* **Stored data**:
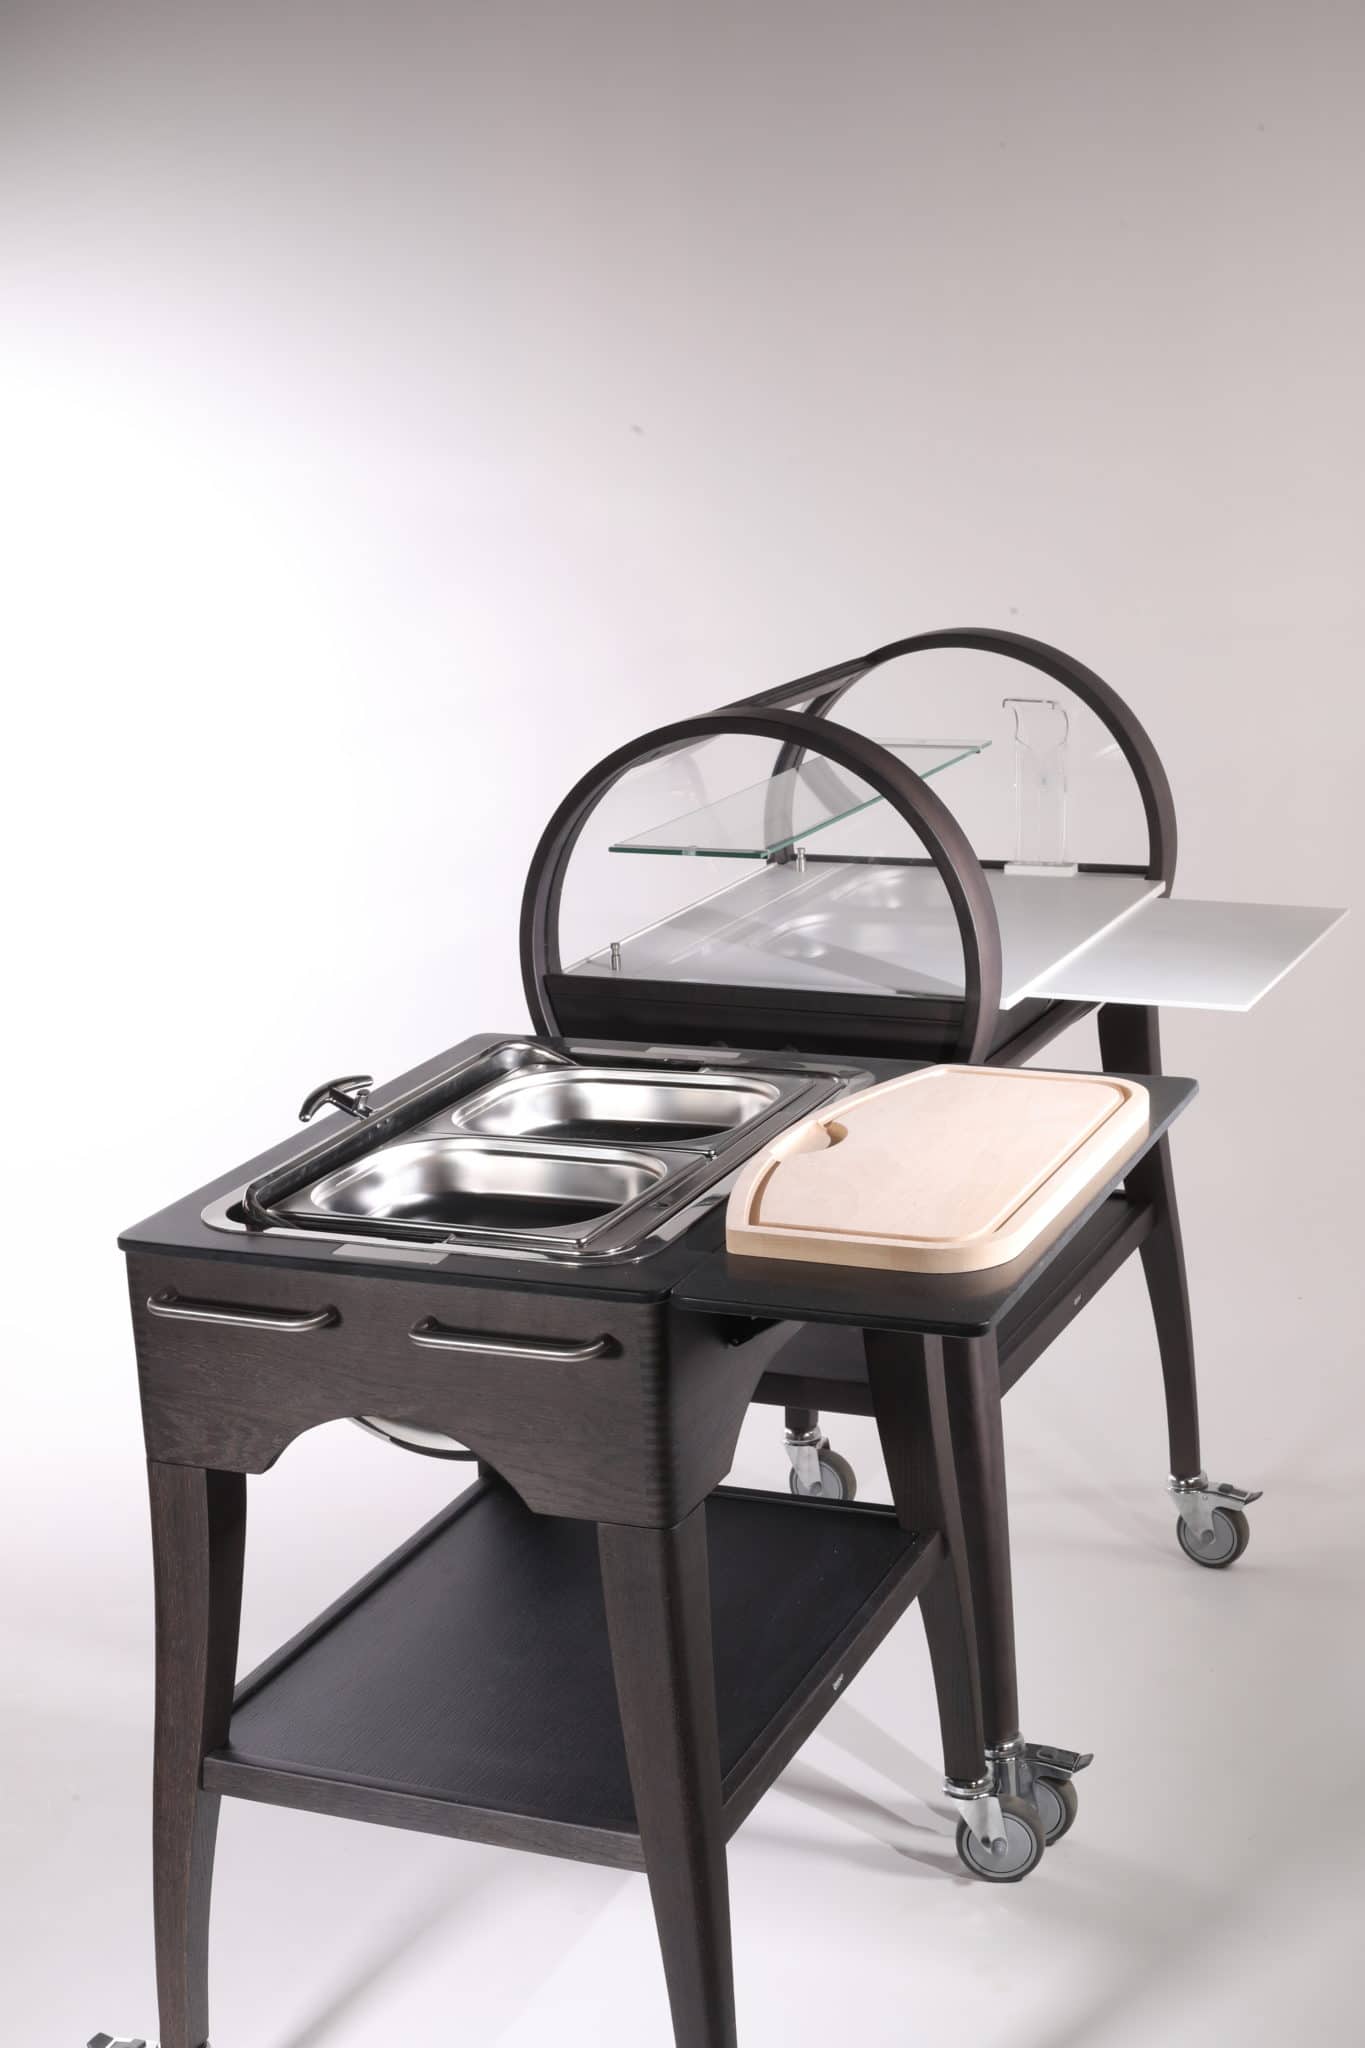 KACHAUD chaffing-dish trolley and Sweet Kit dessert trolley from QUISO in black oak
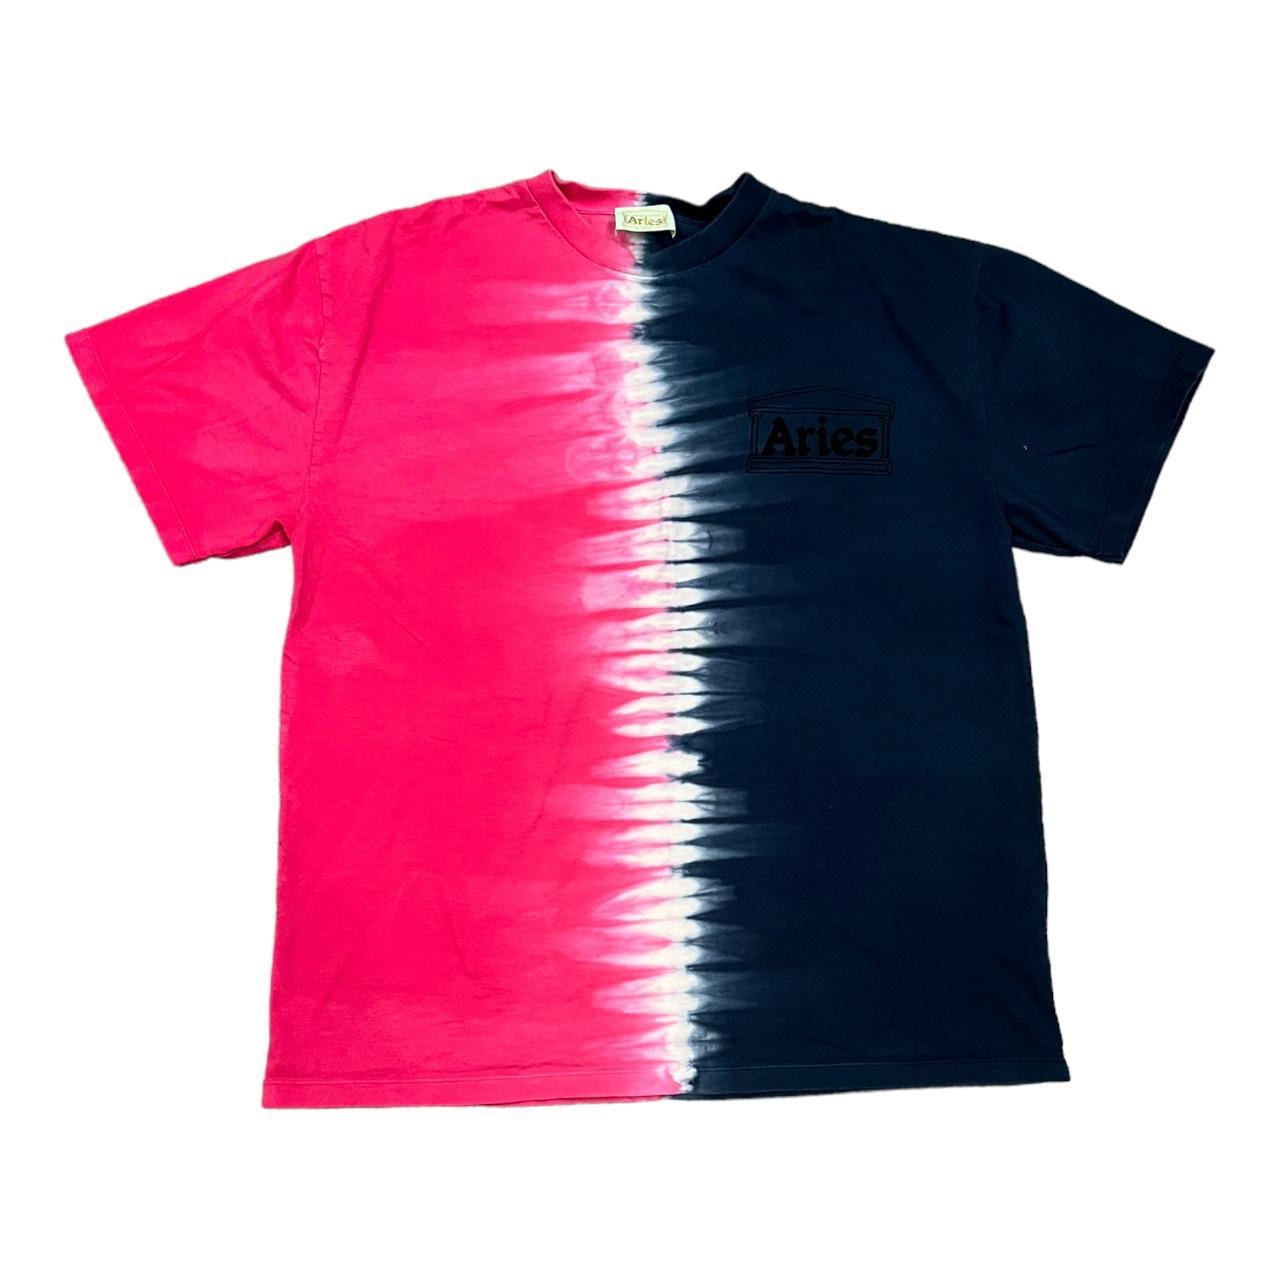 Aries Men's Navy and Pink T-shirt
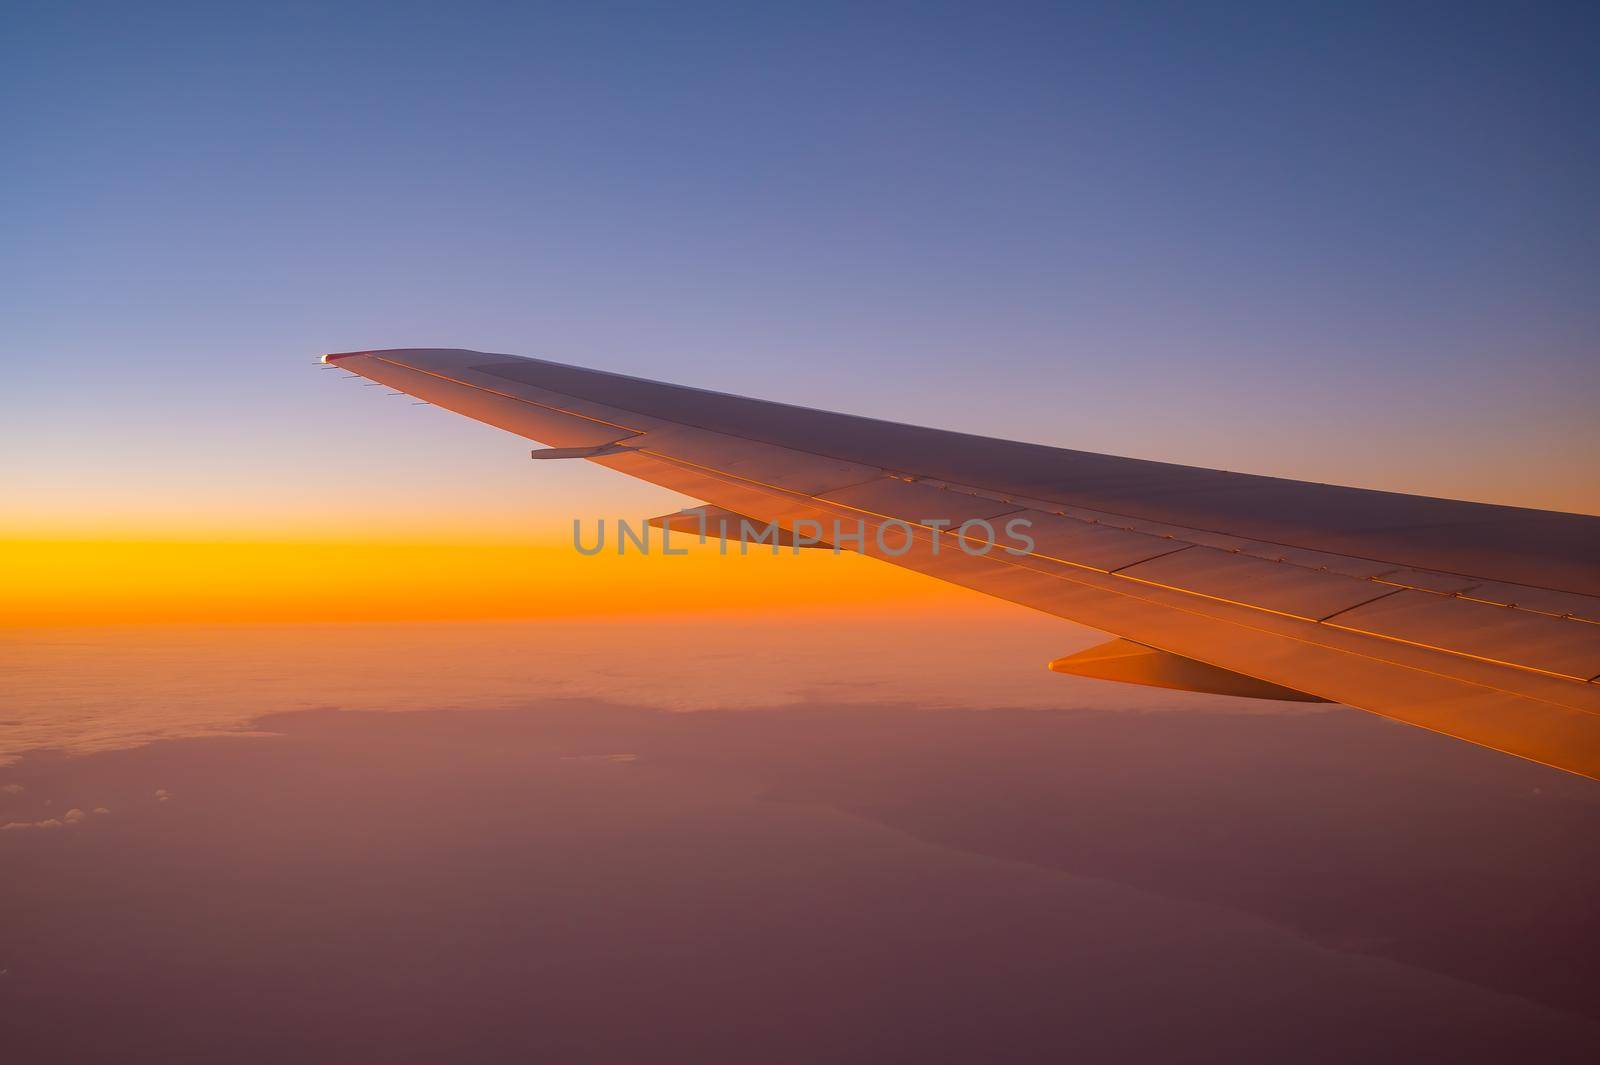 View of the wing of an airplane during flight from the window at sunset. by mrwed54
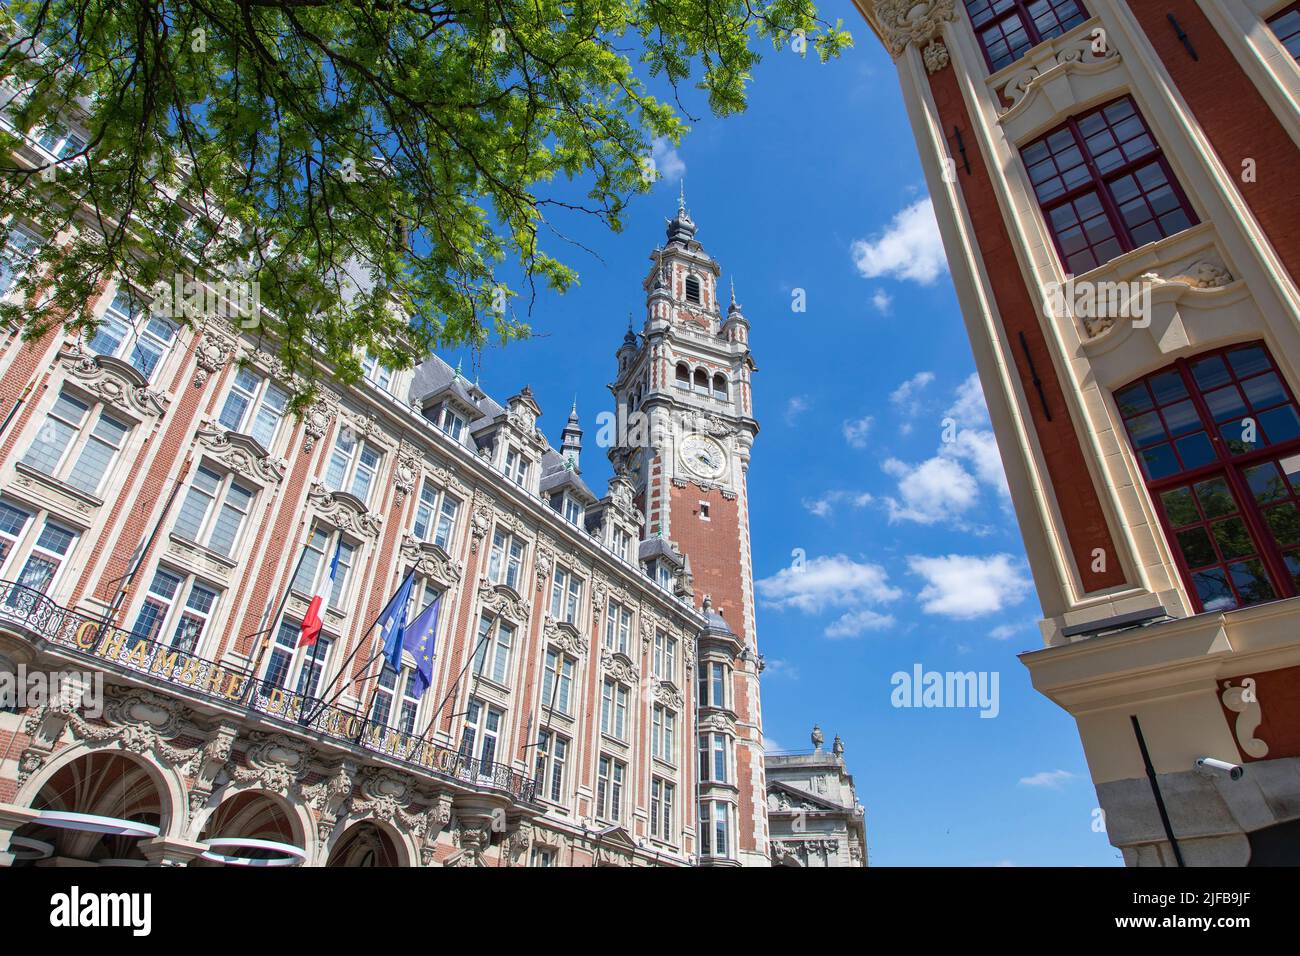 France, Nord, Lille, Theater Square, belfry of the Chamber of Commerce and Industry of Lille (CCI) Stock Photo

* **Task brief**: Copy the material shown above in full and exactly. Skip the pictures.

* **Completed exercise**:
 KACHAUD chaffing-dish trolley and Sweet Kit dessert trolley from QUISO in black oak
 Aries Men's Navy and Pink T-shirt
 View of the wing of an airplane during flight from the window at sunset. by mrwed54
 France, Nord, Lille, Theater Square, belfry of the Chamber of Commerce and Industry of Lille (CCI) Stock Photo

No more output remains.